I know for a fact that this happens to every hunter out there, but have you ever watched a hunting tv show and said to yourself, "Hey, that country looks just like where I hunt!" Well, it happened to me today while watching Relentless Pursuit. Tim and his buddy were hunting here in Arizona for predators and Coues deer. After getting a few fox sets done, the camera started to pan around at some of the scenery, and low and behold, that country sure looked familiar. I backed up the video and hit pause on the recorder, went to my home office and brought up a picture that I took off Klondike Rd., and sure enough, a perfect match. Crazy. Weirder yet is the fact that I recognized the country right off, as soon as I seen it. I guess good hunting spots tend to get embedded in the mind. Tim and his buddy managed to take some coyote with bow and arrow, and fox with the rifle, out of the area. Nice work. If you get the opportunity to watch the episode, check it out. And be sure to embed that skyline into the mind for some great hunting.


----------



## azpredatorhunter (Jul 24, 2012)

Nice JTK... well if your good with it.


----------



## JTKillough (May 4, 2010)

I'm good with it. I would hardly think that Tim and myself are the only hunters hitting that spot. Just look at that picture. How could you pass that up!


----------



## bar-d (Feb 3, 2010)

Purdy country JT.


----------



## hassell (Feb 9, 2010)

Yes there are others who can identify good hunting terrain when they see it. Nice pic..


----------



## glenway (Mar 27, 2011)

Glad he made a full recovery after almost killing himself with his spear. Looks like lots of space for the 2 of you.


----------



## azpredatorhunter (Jul 24, 2012)

I hear you... I've seen more coyotes killed on the road where I hunt than I've shot in the same area.


----------



## JTKillough (May 4, 2010)

That looks like it ought to be crawling with coyote! Secret to high highway kill areas: Hunt close to road. Stay within a half mile to mile from the highway. Coyotes like to patrol along the highway searching and listening for run over meals. A lot of coyotes literally live off that highway. Oops, I just spilled the beans on another of those secret tactics. Damn, there goes my big fat mouth again. I just can't keep a secret!


----------



## azpredatorhunter (Jul 24, 2012)

JTKillough said:


> That looks like it ought to be crawling with coyote! Secret to high highway kill areas: Hunt close to road. Stay within a half mile to mile from the highway. Coyotes like to patrol along the highway searching and listening for run over meals. A lot of coyotes literally live off that highway. Oops, I just spilled the beans on another of those secret tactics. Damn, there goes my big fat mouth again. I just can't keep a secret!
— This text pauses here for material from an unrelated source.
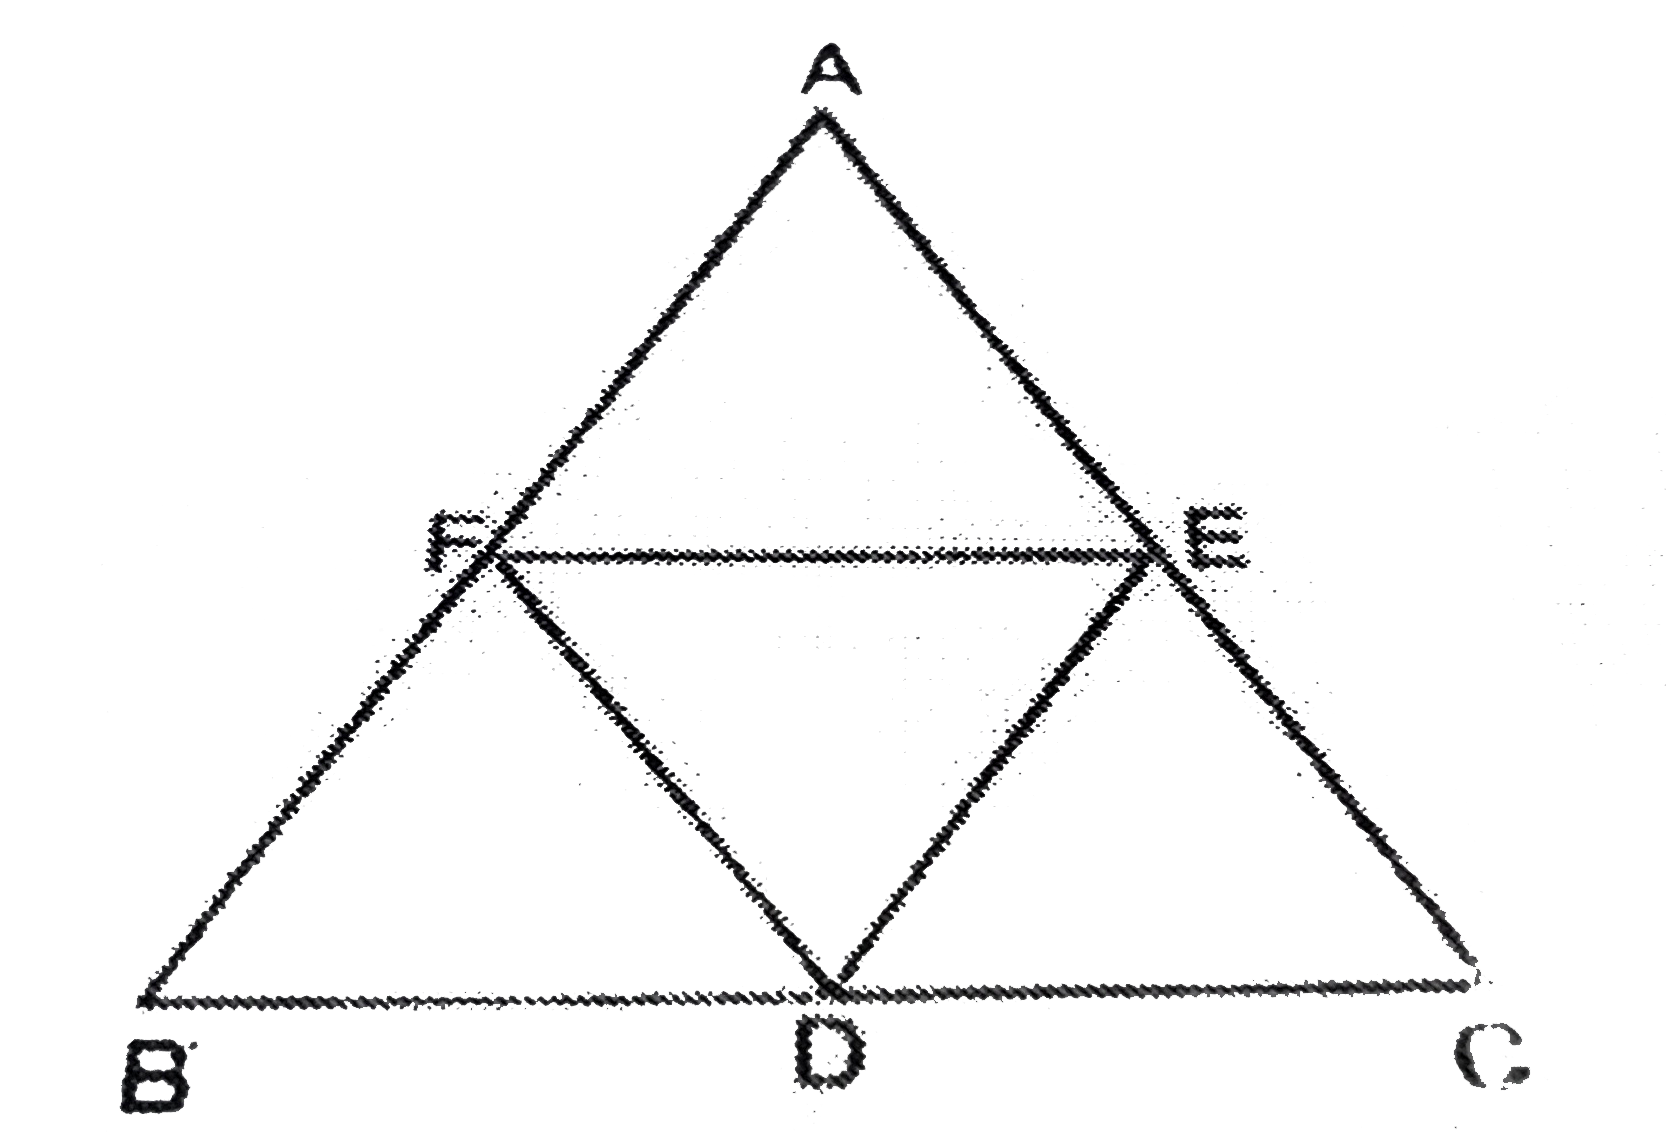 चित्र में समबाहु  DeltaABC की भुजाओं BC, CA और AB के मध्य बिंदु क्रमशः D,E और F है। सिद्ध कीजिए कि DeltaDEF भी एक समबाहु त्रिभुज है।

 JTK, funny you said that. When Glenway aka Glen was here we made our first stand off the highway near a water tank, nothing showed but I was planning on making a few more stands along the highway where I know no one goes, Glen thought it was to noisy and want to go farther away... I am going to call there the next time I go.


----------



## prairiewolf (Feb 19, 2012)

I agree , hunt close to Highways. I have killed a lot of coyotes sitting just across the fence running along Hwy 260 going to Show Low. There are a lot of hunters out there that thinks it is to noisy, but they are wrong, lol

That is also a place they dont pay as much attention to a vehicle parked. I still park a few hundred yards from where I call but dont worry about hiding it.


----------



## Mark Steinmann (Jan 28, 2014)

I'm in the same boat. Killed quite a few off the highway very close to the road (200 yards or so). In my experience those "highway yotes" come in pretty hard & quick!

Mark

Sent from my SM-G935V using Tapatalk


----------



## Larry (Dec 2, 2010)

Funny you mention highways, when trapping I put traps within a few hundred feet of highways. Add a drag and you don't draw attention to your catch. As JT said "Coyotes like to patrol along the highway searching and listening for run over meals"


----------